Re: Robert's puzzles 2020-10-14

Postby Mauriès Robert » Thu Oct 15, 2020 9:25 am

Hi Denis,
denis_berthier wrote:I've found nothing noticeable

Indeed, this puzzle has nothing special except that its level always requires several steps to solve, even with T&E.
Robert
Mauriès Robert
 
Posts: 607
Joined: 07 November 2019
Location: France

Re: Robert's puzzles 2020-10-14

Postby SpAce » Fri Oct 16, 2020 11:27 pm

Hi Robert,

Mauriès Robert wrote:Indeed, this puzzle has nothing special except that its level always requires several steps to solve, even with T&E.

I guess that depends on what kind of T&E you mean.
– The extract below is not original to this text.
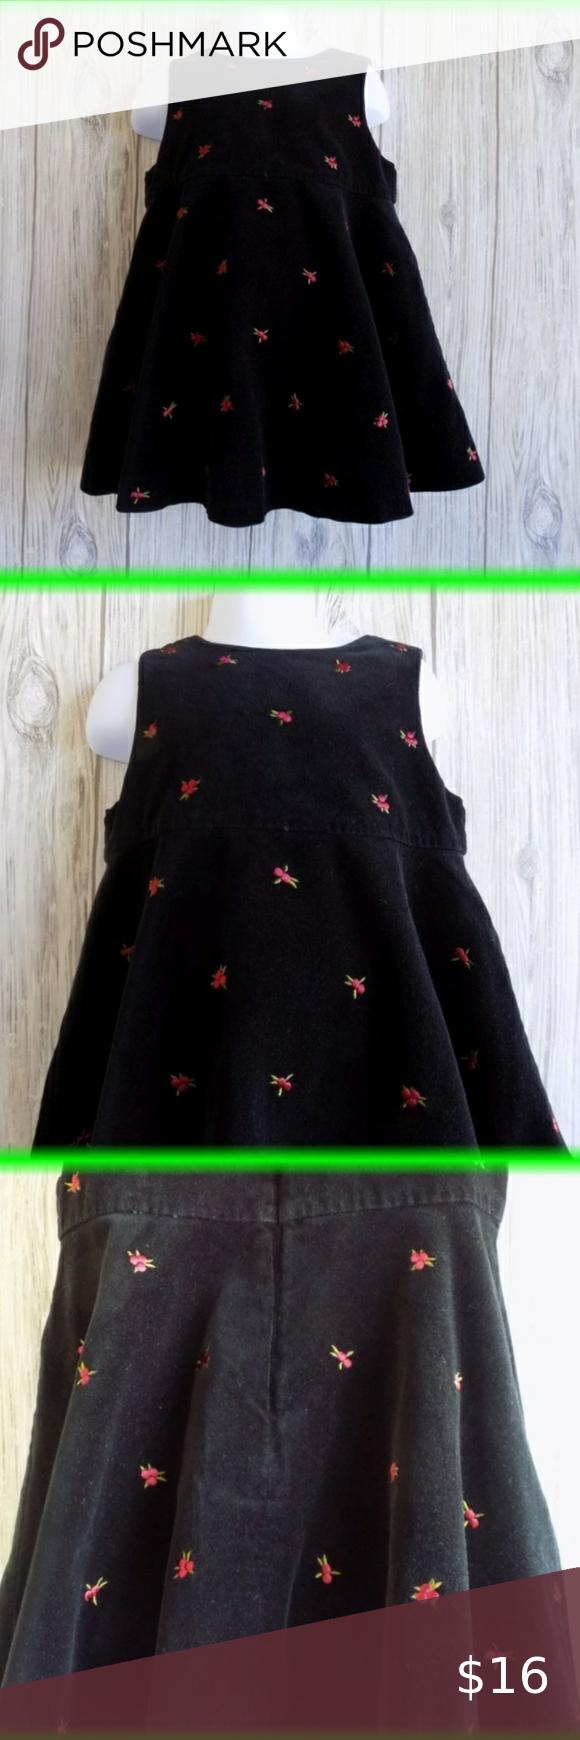 Gymboree Holiday Jumper Velvet Dress Size 2t Velvet Dress Gymboree Dresses Size Girls [ 1740 x 580 Pixel ]

With T&E(2, basics) it's easy:

Code: Select all
.------------------.---------------------.--------------------.
| 4589   6     358 | 23489  7     2349   |  59   239    1     |
| 15789  789   2   | 3689   1368  1369   |  4    39     3569  |
| 149    49    13  | 5      1346  123469 |  8    7      2369  |
:------------------+---------------------+--------------------:
| 2478   2478  9   | 2468   4568  2456   |  3    1      478   |
| 48     3     6   | 1      9     7      |  2    5      48    |
| 12478  5     18  | 2348   348   234    |  6    489    4789  |
:------------------+---------------------+--------------------:
| 2569   1     7   | 3469   3456  8      | a59   2349   23459 |
| 25689  289   4   | 369    1356  13569  |  7   a239-8  23589 |
| 3      89    58  | 7      2     459    |  1    6      4589  |
'------------------'---------------------'--------------------'

T&E(2): 8r8c8 & (5|9)r7c7 ->[singles, 1 NP]-> ! => -8 r8c8; stte
-SpAce-: Show
Code: Select all
   *             |    |               |    |    *
        *        |=()=|    /  _  \    |=()=|               *
            *    |    |   |-=( )=-|   |    |      *
     *                     \  ¯  /                   *   

"If one is to understand the great mystery, one must study all its aspects, not just the dogmatic narrow view of the Jedi."
User avatar
SpAce
 
Posts: 2671
Joined: 22 May 2017

Re: Robert's puzzles 2020-10-14

Postby Mauriès Robert » Sat Oct 17, 2020 8:00 am

Hi Space,
SpAce wrote:I guess that depends on what kind of T&E you mean. With T&E(2, basics) it's easy:
T&E(2): 8r8c8 & (5|9)r7c7 ->[singles, 1 NP]-> ! => -8 r8c8; stte

Well seen your resolution of size 2, i.e. with bifurcation (OR).
For my part, by T&E I meant T&E(1), i.e. without bifurcation.
Cordialy
Robert
Mauriès Robert
 
Posts: 607
Joined: 07 November 2019
Location: France

Re: Robert's puzzles 2020-10-14

Postby denis_berthier » Sat Oct 17, 2020 10:08 am

SpAce wrote: With T&E(2, basics) it's easy:
T&E(2): 8r8c8 & (5|9)r7c7 ->[singles, 1 NP]-> ! => -8 r8c8; stte


Except that this is not T&E(2). In T&E(2), you take two (and only two) candidates as a hypothesis and the only thing that can possibly be concluded is a contradiction between them.
denis_berthier
2010 Supporter
 
Posts: 4238
Joined: 19 June 2007
Location: Paris

Re: Robert's puzzles 2020-10-14

Postby SpAce » Sat Oct 17, 2020 11:28 am

denis_berthier wrote:
SpAce wrote: With T&E(2, basics) it's easy:
T&E(2): 8r8c8 & (5|9)r7c7 ->[singles, 1 NP]-> ! => -8 r8c8; stte

Except that this is not T&E(2).

Ok. I won't argue about that since, as far as I know, you've defined the terms. What is it then?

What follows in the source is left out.